Information Age Government

Category: Blog

Leading with Self: The personal leadership statement

What it was:

A talk, group and individual exercise led by Dionne Corradine. This was part of the Deputy Director Leadership Programme held in London on 16 and 17 September 2019.


What I learned:

A personal leadership statement can help crystallise your leadership style, your aspirations, and what you offer to the people you work with. It can also be used as part of your objectives and to measure your progress.

A personal leadership statement takes time to develop and should be considered a work in progress – it can be a blend of where you are and where you want to be.  It should answer the question “Why should anyone be led by me?”

We conducted a brief exercise to generate a first-draft personal leadership statement.  Here is my draft:

PERSONAL LEADERSHIP STATEMENT – Ten-minute draft

What do I stand for?

  • The power of science, technology and information to do public good
  • The Integrity, impartiality and objectivity of the Civil Service
  • Experimentation and taking decisions based on evidence
  • The importance of collaboration 
  • Development and growth for all

Why follow me? Because I am:

  • Inspiring:
    • Try to see where the future is going and get there early
    • Always work collaboratively, cohering teams into action
    • Work to set a compelling vision and concepts 
    • Work to engage people and stakeholders in that vision
  • Confident:
    • Enjoy communicating, engaging and influencing
    • See and do things differently
    • Practice open leadership, working out loud and being open to feedback 
    • Volunteer and step in when things are going wrong
    • Try to influence thinking outside my area
    • Aim to be aware of myself, my impact and be reflective
  • Empowering:
    • Create a team that’s fun, supportive, loyal to each other
    • Keep myself and my team at the leading edge, by driving change and developing forward-leaning skills
    • Try to help my team achieve their development dreams
    • Encourage and reward reasonable challenge, listen to evidence
    • Enable teams to do new things in new ways

Things I’m trying to be better at:

  • Servant leadership
  • Planning and managing the pipeline of work
  • Staying always a leader, not a manager or operator 
  • Maintain technical skills and being an intelligent customer 
  • Coaching and mentoring my team leaders
  • Maintaining and growing my and my team’s networks

What I will aim to do differently as a result:

  • Develop the statement above and then try to live it!
  • Bake my leadership statement into my personal objectives
  • Build in review / reminder points
  • Consider ways to test my performance against the statement
  • Get hold of the speaker’s slides for this session as they contained lots of useful thinking.

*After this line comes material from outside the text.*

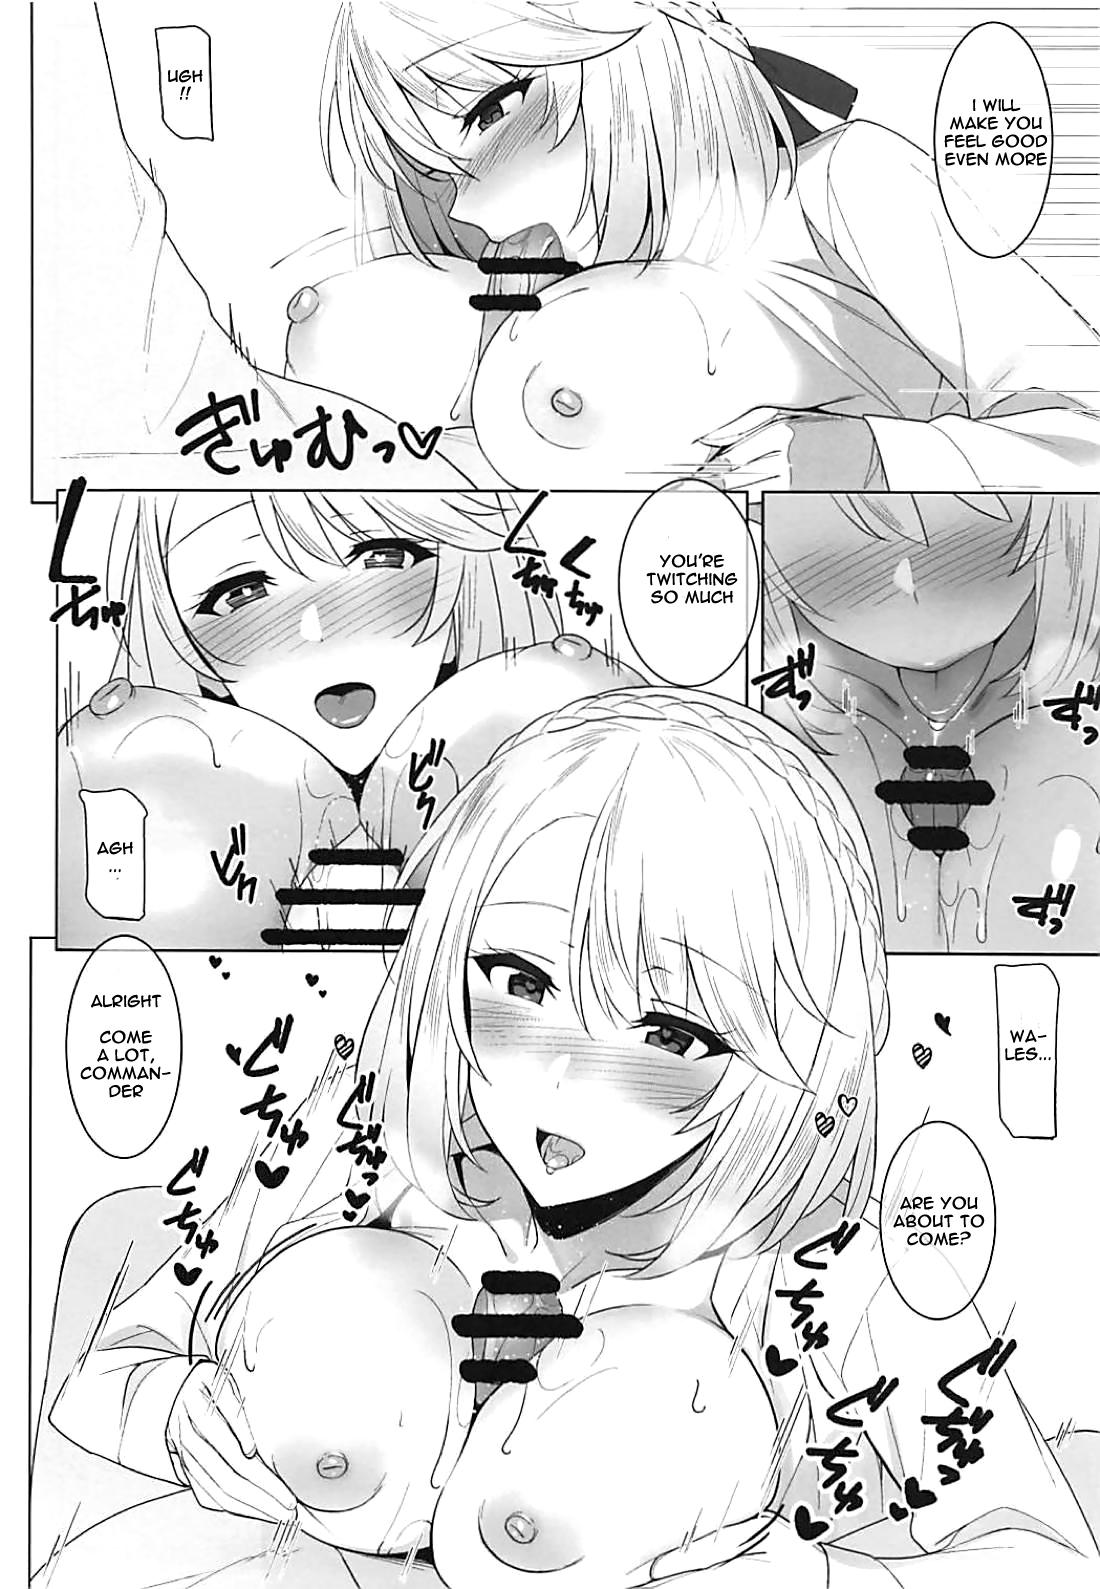 Stud Wales to! | With Wales! - Azur lane Boobies - Page 10

Meta: developing this blog

A quick post on developing the blog:

  • I’m slowly adding my notes from earlier learning opportunities – mainly these are notes from formal talks and lectures.
  • Turns out I have been capturing these notes on and off since 2010 so might take me a while to get up to speed
  • I’m trying to date the entries as per when the learning happened… so in some cases the entry date and publication date will be adrift by many years!
  • Soon I hope to start adding in more general learning points, for example personal reflections or post-activity retrospectives
  • I might also adopt a looser approach to capturing learning as I go  *tips hat to Weeknotes*
  • As you can see I’ve stripped out any bells and whistles and gone for simplicity, readability and focus on written content.
  • And – if you’re interested, I use a full WP install on some personal hosting provided by TSOhost.  Currently a vanilla install of the “First” theme by Themehaus but I’ll probably start tinkering with the code of that at some point.

Sharing my learning

I’m planning to start sharing my learning in this site – so that over time it builds into a record of learning that I can refer back to. I’ll also try to tag and label it so that it can potentially be useful to other people!

I’ve been capturing my learning for a while, and have found it useful to use the following simple format:

* What it was (description of the learning)
* What I learned (the key point I took away)
* What I will aim to do differently as a result (if possible)

There’s quite a backlog of stuff to publish so it will take me time to get through it.

Some things worth noting:
* I appreciate that some courses (etc) can contain copyright information (and it isn’t always obvious what is / is not protected at the time) so if you think I’ve inadvertently reproduced something without sufficient permission or attribution, please contact me and I’ll happily take it down.
* The lessons I capture from talks (etc.) are absolutely not intended to be direct quotes from the individuals giving the talks – instead they are a summary of what I learned.